# CNN



## bryan (Aug 22, 2008)

Has anyone else seen this yet?
http://www.ktka.com/news/2009/jan/02/11yearold_fights_city_hall_and_wins/


----------



## PixiesExoticHedgies (Sep 4, 2008)

WoW, that's AWESOME news. The article says the commissioners didn't understand why hedgehogs were banned in the first place. Thus, this is probably good news for the hedgehog community. Maybe we (the hedgie owners & breeders) could start petitioning all the different states/counties/cities, that have bans on hedgehogs and see if we, too, can make a difference and possibly get some other bans lifted. I'm not sure if it would help to have people whom live outside these banned limits, to help with the petition, but I'd surely be willing to sign or help in any way that I could. My thoughts are that the people living in the banned areas, should get this started and pursue the issue. If it's a simple matter of these laws being old, and no REAL reason for them anymore (or just plain ignorance), then it may be worth the try. I've always wondered if the bans were put into place to prevent the 'wild' species from entering the US and destroying peoples yards/gardens etc. and to prevent them from becoming a nucience as they are in the UK. But if we would could help to educate the states/counties/cities that these are a hybrid and are bred for PETS, which makes them no more harmful than guinea pigs, rats, or ferrets maybe we COULD get some of the bans lifted. I know I'm kinda rambling here, b/c I'm not sure about the best way to do something like this. Perhaps we could start by contacting the 11 year old boy, and asking his advice.


----------



## Kalandra (Aug 25, 2008)

Little furry rodents.... why! Why! Ok so I got stuck on them being called rodents....


----------



## Hedgiepets (Aug 21, 2008)

Good Job, Judson!


----------



## LizardGirl (Aug 25, 2008)

"fury rodents" BLECH! But, that's the news reporter's fault.

Way to go, Judson!


----------



## numothehedgehog (Aug 30, 2008)

Awuh that brought tears to my eyes ! Thats kids amazing : )

Lukes a very pretty pinto too!


----------



## nikki (Aug 28, 2008)

where is this at?


----------



## LizardGirl (Aug 25, 2008)

Lawrence, Kansas, I believe.


----------



## nikki (Aug 28, 2008)

ohhh ok..thanks, I never was good at US geography


----------



## Alicat42 (Dec 9, 2008)

Good for him!!!!! And his new buddy! Thats pretty exciting stuff! Putting all that work into getting a hedgehog, wow.
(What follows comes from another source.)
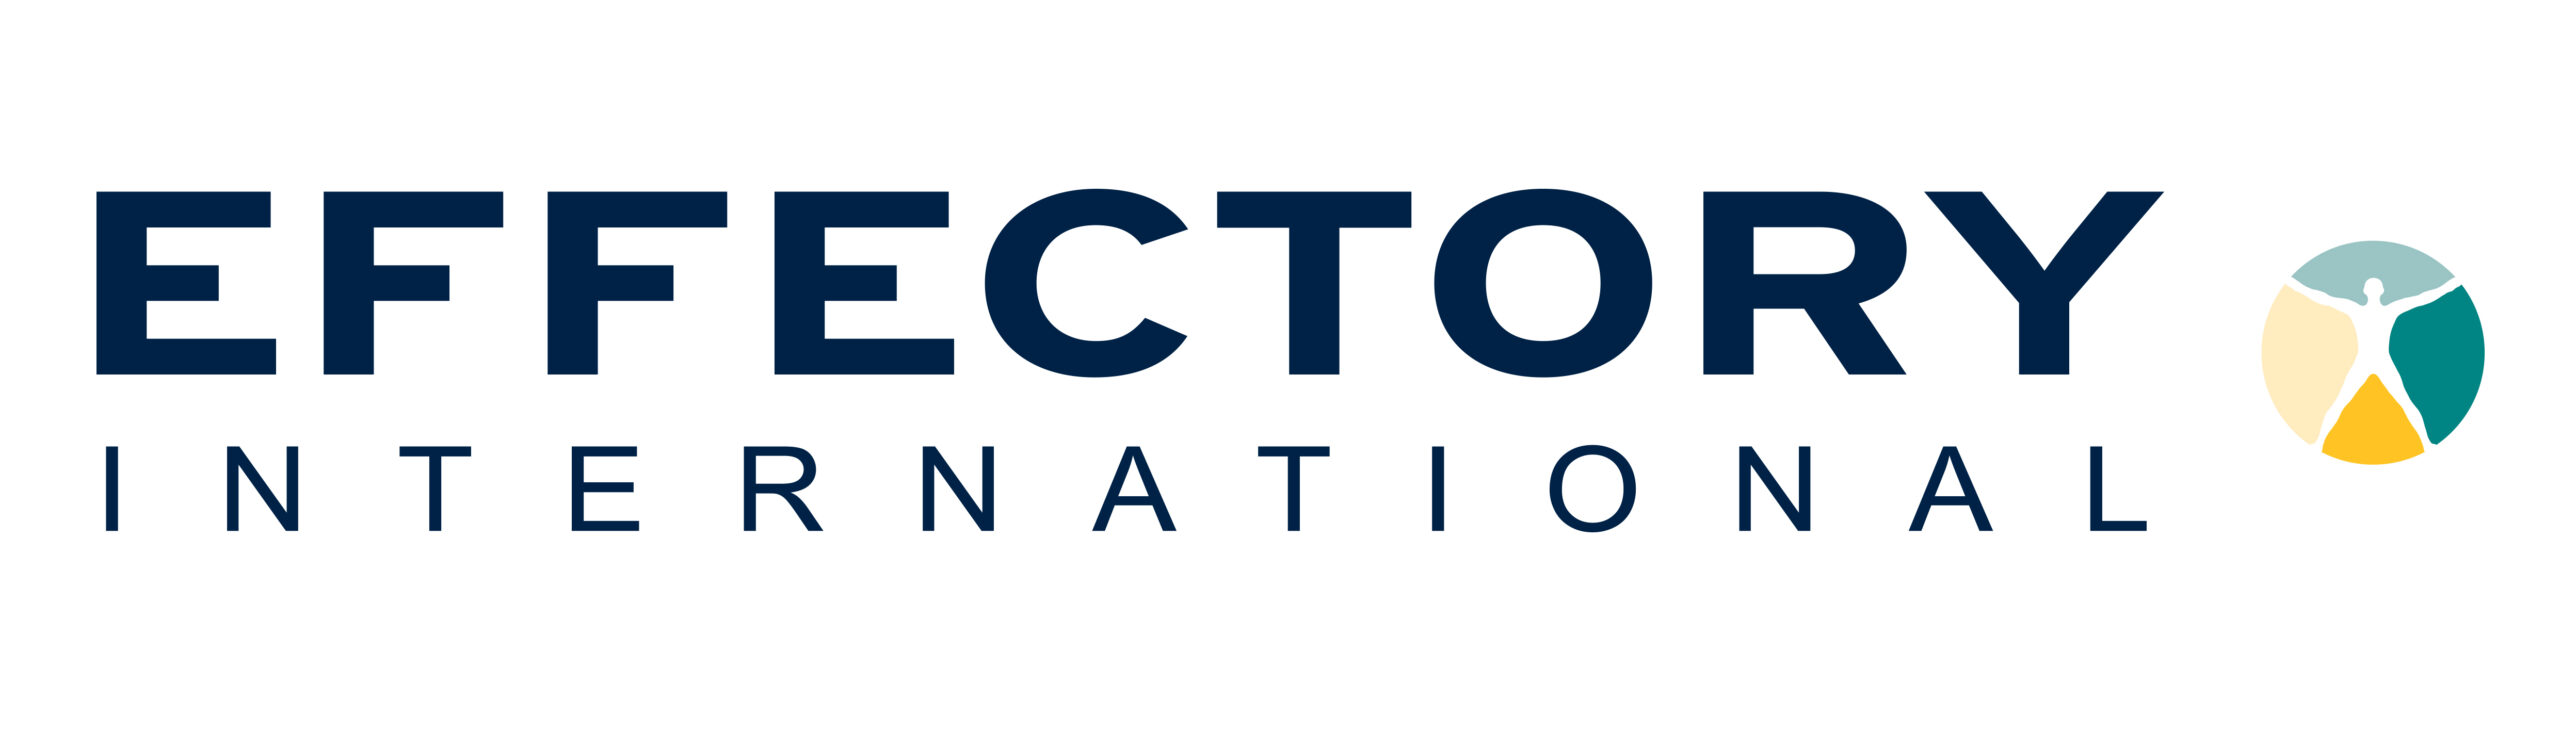 Effectory International logo hi-res

Kinda makes me feel spoilt by just going to breeders. :lol: 
If I were on that commitee I'd be flabergasted!! I'd say ya to it just for that kid, let alone hedgie goodness, and hogkind  Still, what a good story.


----------



## HedgiLover (Jan 21, 2009)

:shock: Whoa! That is awesome! I can not believe that!


----------



## Lilysmommy (Jan 7, 2009)

Oh, yeah. That was on when I was at my friend's house a couple weeks ago. I thought it was really cool! And it's really weird, it seems like ever since I got Lily, I've been seeing hedgehogs EVERYWHERE. In books, movies, news shows, lol. Everything. My dad even got me this kids' book for Christmas, it's called Hedgie Blasts Off! by Jan Brett. It's so cute! :lol:


----------



## hedgiesrule (Jan 19, 2009)

i can't see it. i mean, i go to the link, it comes up, i click on the play button and it just sits there
doing nothing!


----------



## iamdbf (Aug 28, 2008)

I tried to get them legal in Fairfax, right next to me. it is in standby right now...


----------



## Catdude (Jan 31, 2009)

Dude, if you got them legal in Fairfax I'd be eternally grateful. But then I'd have to get my mom and dad to buy me one...


----------



## iamdbf (Aug 28, 2008)

Catdude said:


> Dude, if you got them legal in Fairfax I'd be eternally grateful. But then I'd have to get my mom and dad to buy me one...


u live there?


----------



## Catdude (Jan 31, 2009)

iamdbf said:


> Catdude said:
> 
> 
> > Dude, if you got them legal in Fairfax I'd be eternally grateful. But then I'd have to get my mom and dad to buy me one...
> ...


Yeah, I do. Sorry if this is months late. :lol:


----------